Brunch, lunch or dinner, this Crustless Tomato Pie is perfect for any meal! Made with fresh tomatoes, cheese, eggs, onions and herbs, this easy gluten-free tomato pie needs no pie crust!
Line a baking sheet with 2 to 3 layers of paper towel. Slice the tomatoes, arrange on the baking sheet and sprinkle with salt. Let stand for at least 30 minutes.
Using a paper towel or a clean kitchen towel, pat the tomatoes dry, then turn them over and pat them dry on the other side. Draining the tomatoes is an essential step in this recipe to avoid making a soggy, watery pie.
In a medium bowl, combine 1 cup of the grated mozzarella and 1 cup of the grated cheddar cheese with the beaten eggs, Dijon mustard, minced garlic and black pepper.
Using a well-greased pie dish or springform pan, spread one half of the cheese and egg mixture on the bottom of the pan. Add a layer of tomatoes, overlapping slightly, then ½ of the chopped green onion and a sprinkle of oregano leaves and torn basil leaves.
Repeat the layers. Use the remaining mozzarella and cheddar to sprinkle over the top of the pie.
Bake the pie at 375°F. for 30 to 40 minutes or until the cheese is golden brown. To be sure the center is fully cooked, insert an instant-read meat thermometer in the centre of the pie. It should register 165°F.

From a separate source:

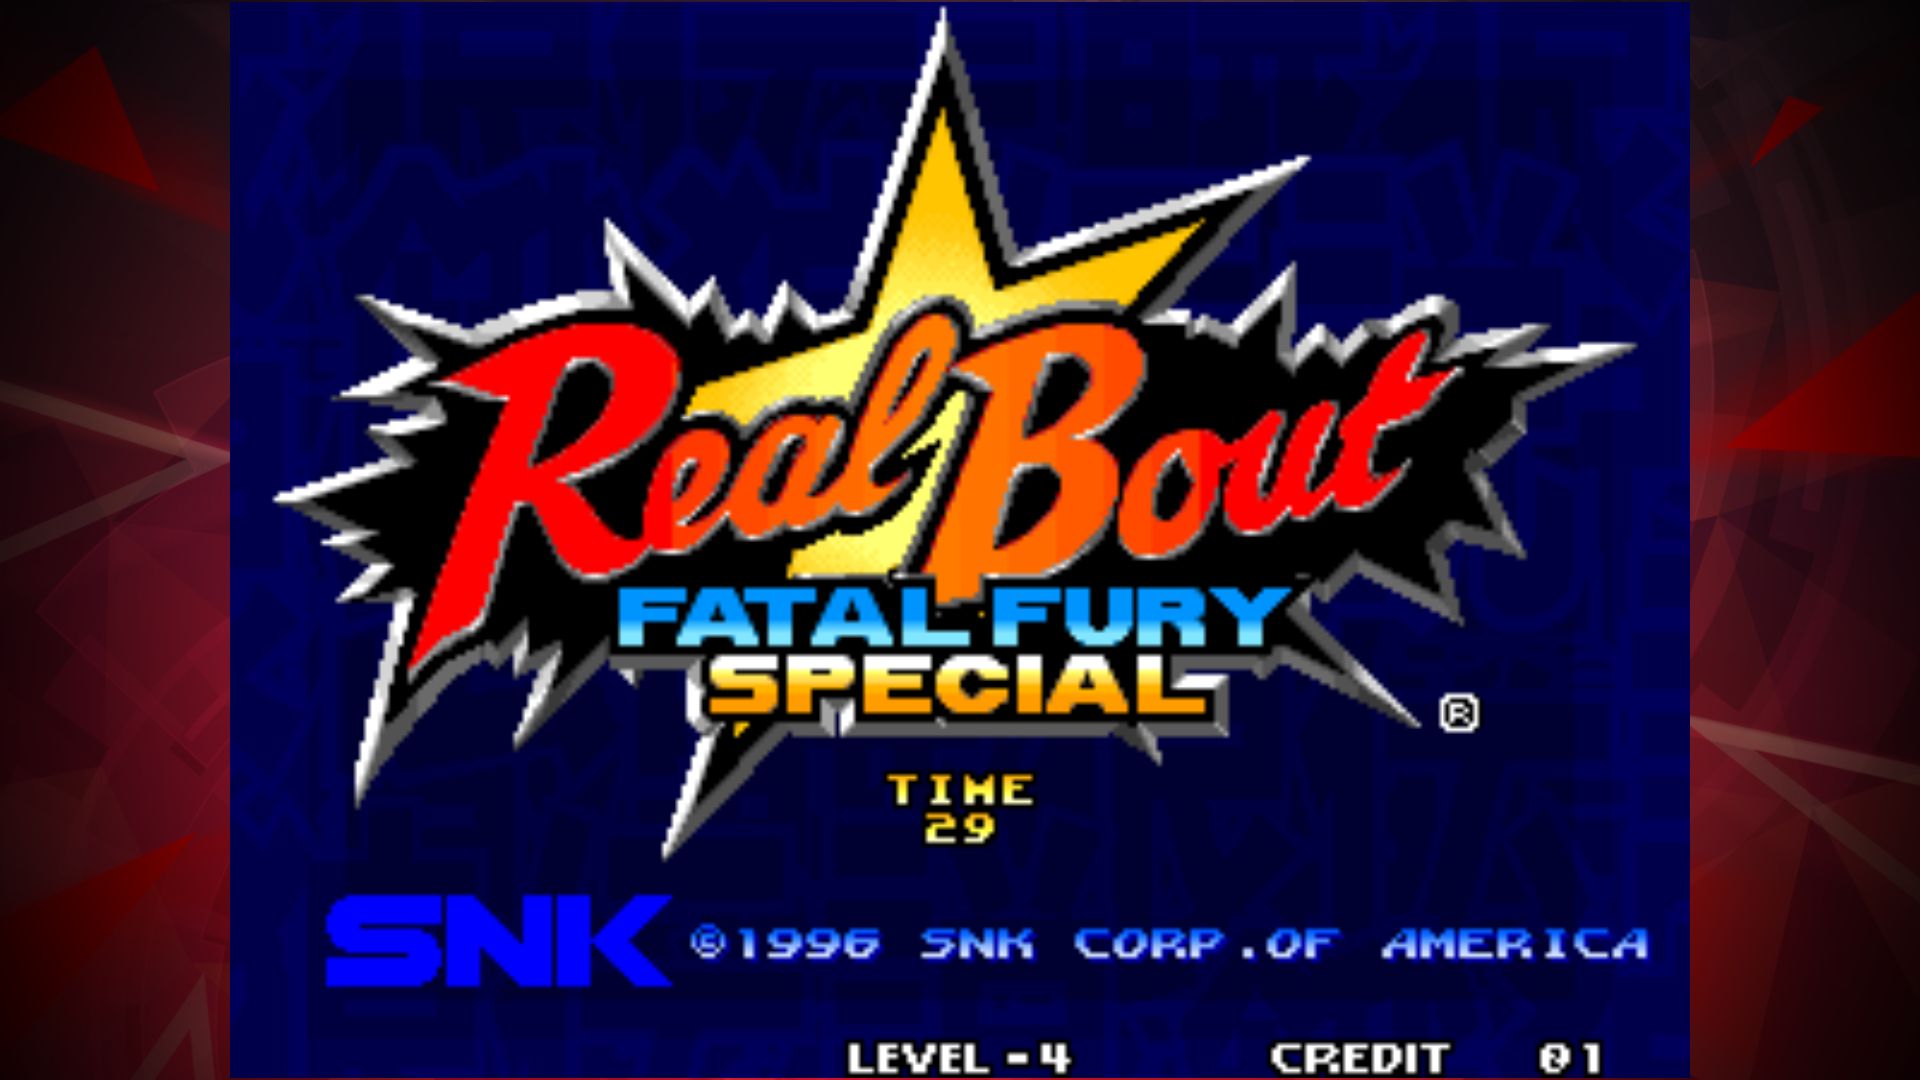 Download REAL BOUT FATAL FURY SPECIAL für Android kostenlos.

Let the pie stand for 15 minutes before slicing and serving. It will firm up as it sits, allowing the juices to be reabsorbed. There may still be a little water in the bottom of the dish. It's delicious! Sop it up with a piece of bread!
Notes
It's essential to drain the tomatoes very well in this recipe.Salt them, let them stand, pat dry, then blot away any excess moisture you see. You'll be surprised at how much juice they hold! Draining the tomatoes will help to prevent a watery pie.